由驅(qū)動器管理的SMR驅(qū)動器不需要更改主機的BIOS或操作系統(tǒng)。 讀取/寫入過程的整個復(fù)雜性由驅(qū)動器本身的緩存系統(tǒng)處理。 存儲在這種驅(qū)動器上的數(shù)據(jù)的任何更改都首先在帶狀頻段之外的區(qū)域進行，并記錄在特殊的修改列表中，在西部數(shù)據(jù)公司中稱為輔助轉(zhuǎn)換器，在希捷中稱為媒體緩存。 這些修改稍后會在讀取時或在設(shè)備空閑時寫入帶狀頻段。 但是，當(dāng)連續(xù)執(zhí)行寫入操作時，驅(qū)動器最終會耗盡高速緩存空間，并在重新組合數(shù)據(jù)并將其寫入帶中時停止處理新請求一段時間。
Drive managed SMR drives do not require changes to the BIOS or operating system of the host computer. The entire complexity of the reading/writing processes is handled by the caching system of the drive itself. Any changes to the data stored on such a drive are first made in areas outside the shingled bands and registered in a special list of modifications referred to as the secondary translator in Western Digital and as media cache in Seagate models. These modifications are written to the shingled bands later while reading them, or when the device is idle. However, when writing is performed continuously, the drive eventually runs out of cache space and stops processing new requests for some time while reassembling data and writing it to the bands.

總結(jié)
To summarize.

SMR技術(shù)可以更合理地利用磁盤空間來增加硬盤容量。 將磁盤與SMR一起使用不需要對接口或驅(qū)動器的外形尺寸進行任何升級，因此，大多數(shù)用戶不會注意到向這項新技術(shù)的過渡。 缺點是與傳統(tǒng)的PMR光盤相比，寫入速度的下降很小。 顯然，如果二級轉(zhuǎn)換器或媒體緩存表丟失，這種HDD操作算法不會提高其可靠性，并使數(shù)據(jù)恢復(fù)嚴重復(fù)雜化
SMR technology applies a more rational use of disk space to increase the capacity of a hard disk.? The use of disks with SMR does not require any upgrade of the interface or the form factor of the drives, so the transition to this new technology will go unnoticed by most of the users. The disadvantage is a small drop in write speed compared to traditional PMR discs. Evidently, such an algorithm of HDD operation does not improve its reliability and seriously complicates data recovery if the secondary translator or media cache tables get lost.

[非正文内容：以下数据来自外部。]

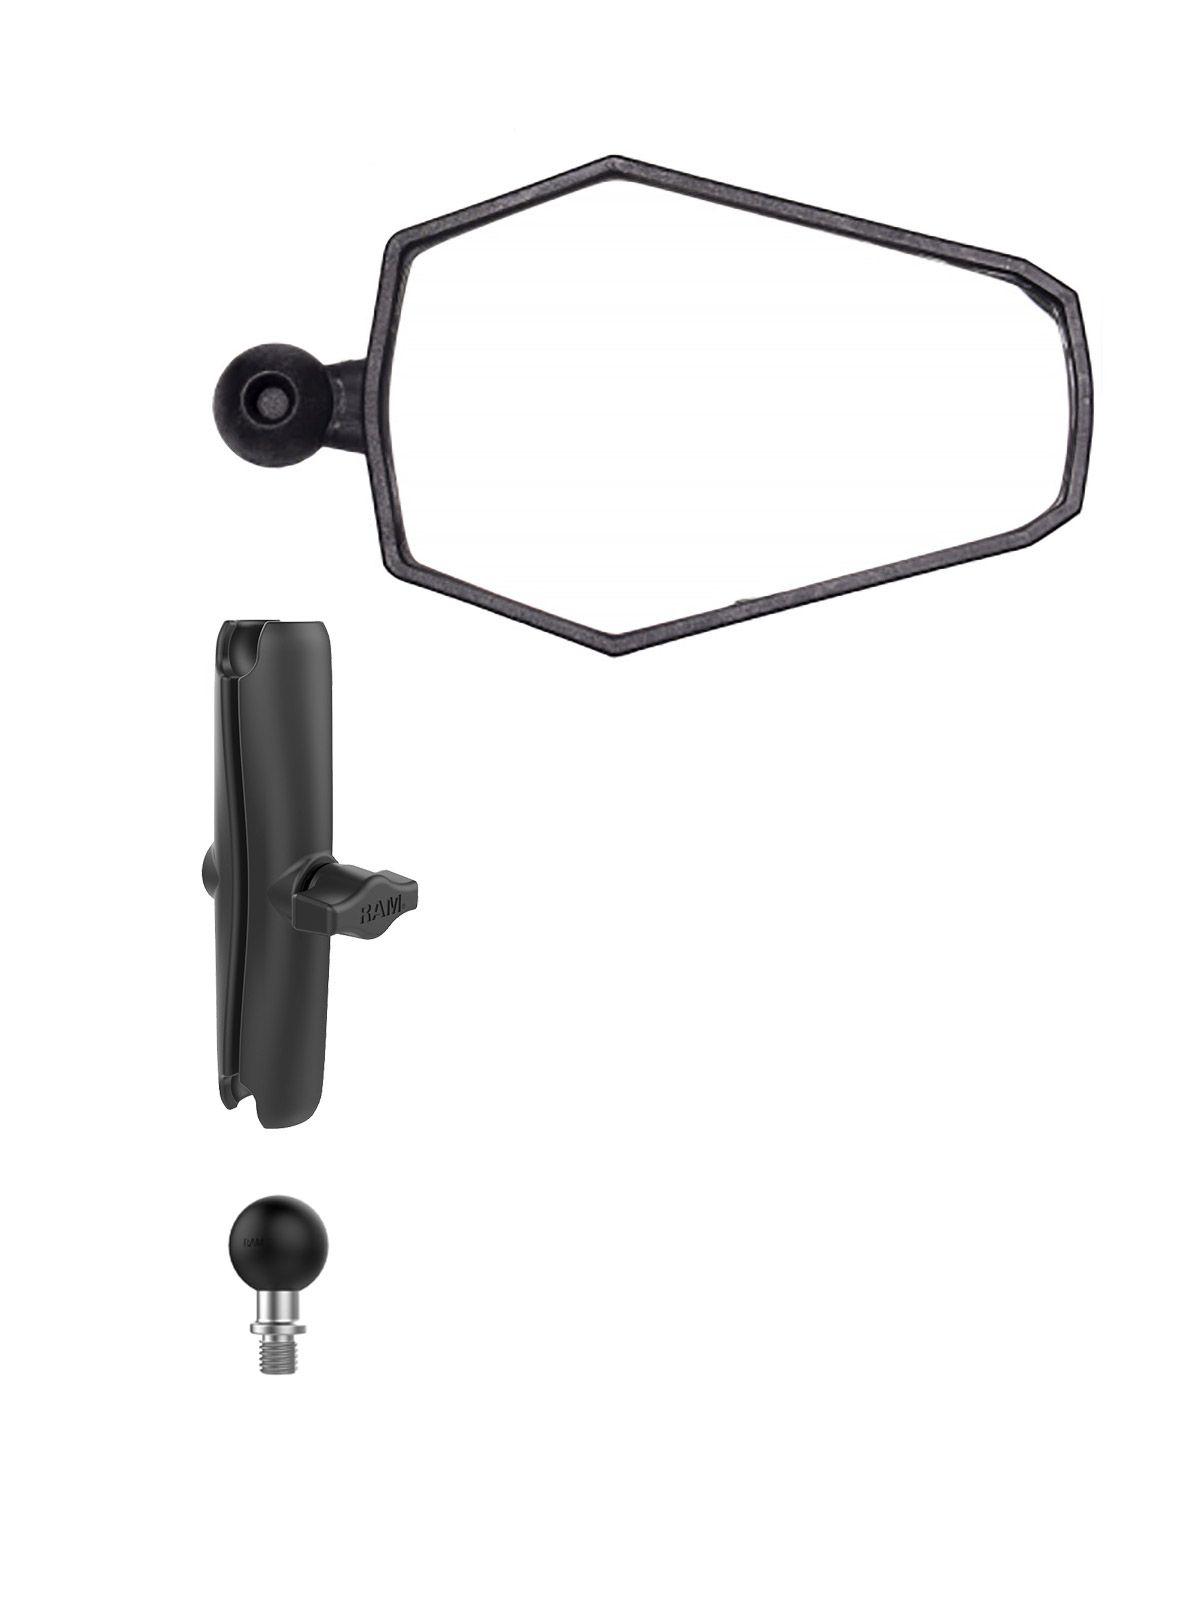 Doubletake Mirror Set - B-Kugel (1 Zoll), Adventure Mirror, langer Arm, M10 Basiskugel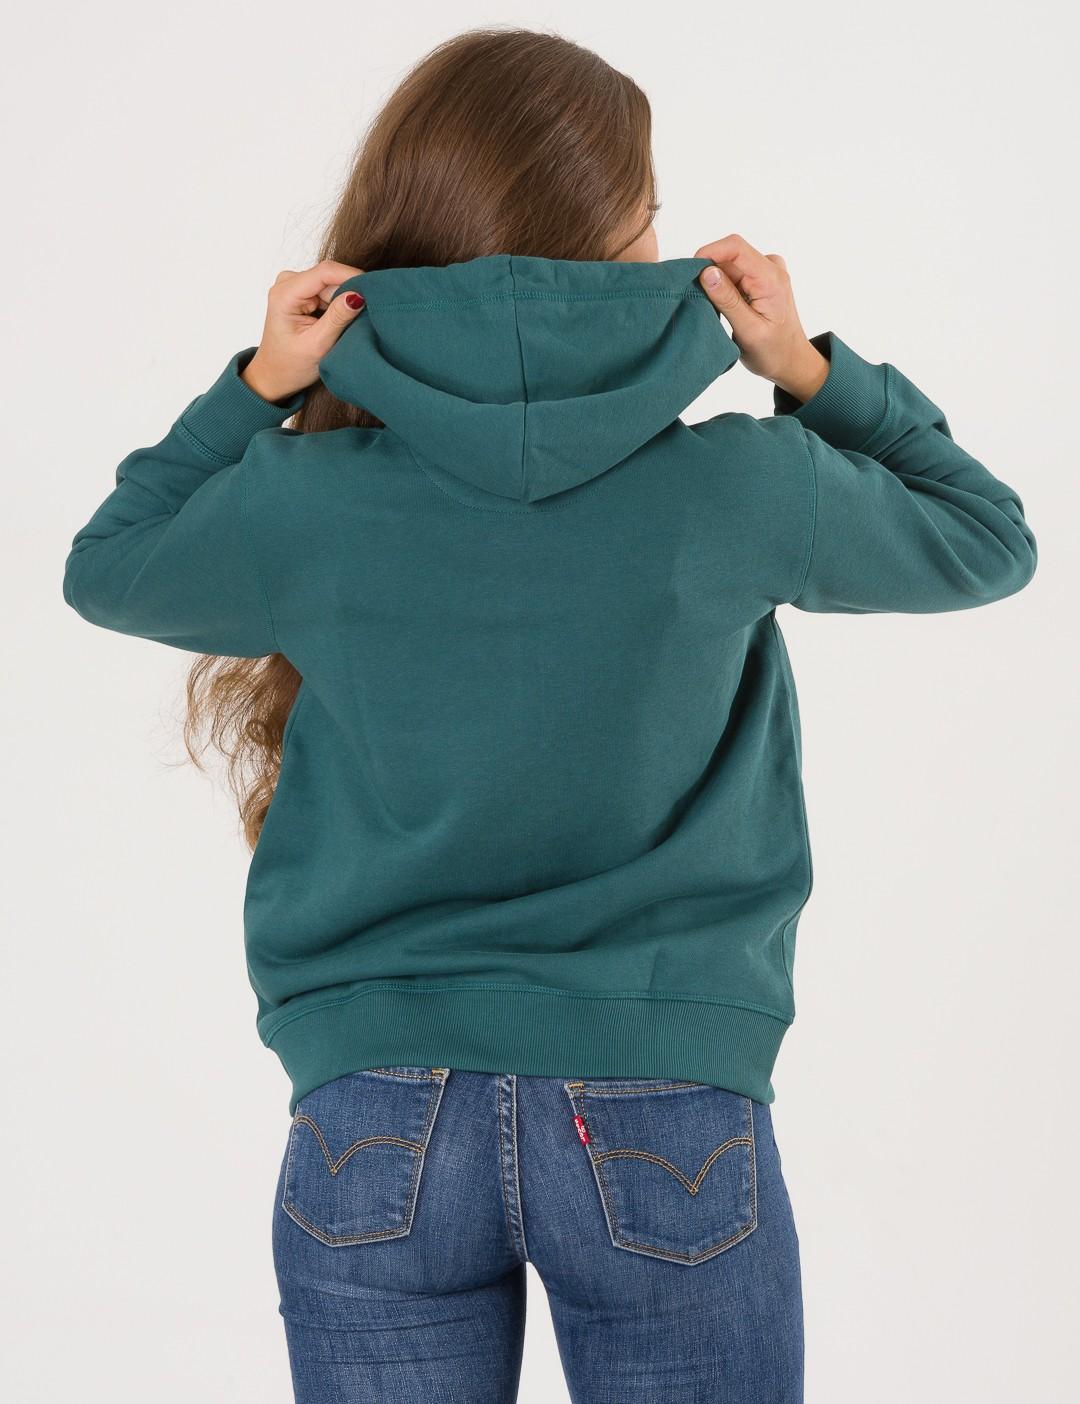 fe5a9ce4379 Hoodie Från Om Grön Gant Full Zip Tb Kidsbrandstore qqYIwgv

實際上，邏輯訪問（LBA）考慮了扇區(qū)的轉(zhuǎn)換并跳過了缺陷（隱藏在缺陷列表中）。
In practice, the logical access (LBA) takes into account the translation of sectors and skips defects (hidden in the defect lists).

SMR驅(qū)動器按頻段組寫入數(shù)據(jù)。 第二級翻譯器考慮了這一點，HDD FW顯示了文件和文件夾的良好結(jié)構(gòu)。 但是，如果第二個轉(zhuǎn)換器（SMR）損壞，我們將在所有扇區(qū)中將其設(shè)為零。
SMR drives write the data by groups of bands. The second-level translator takes this into account, and HDD FW displays the good structure of files and folders. But if the second translator (SMR) is damaged, we will get zeros in all sectors.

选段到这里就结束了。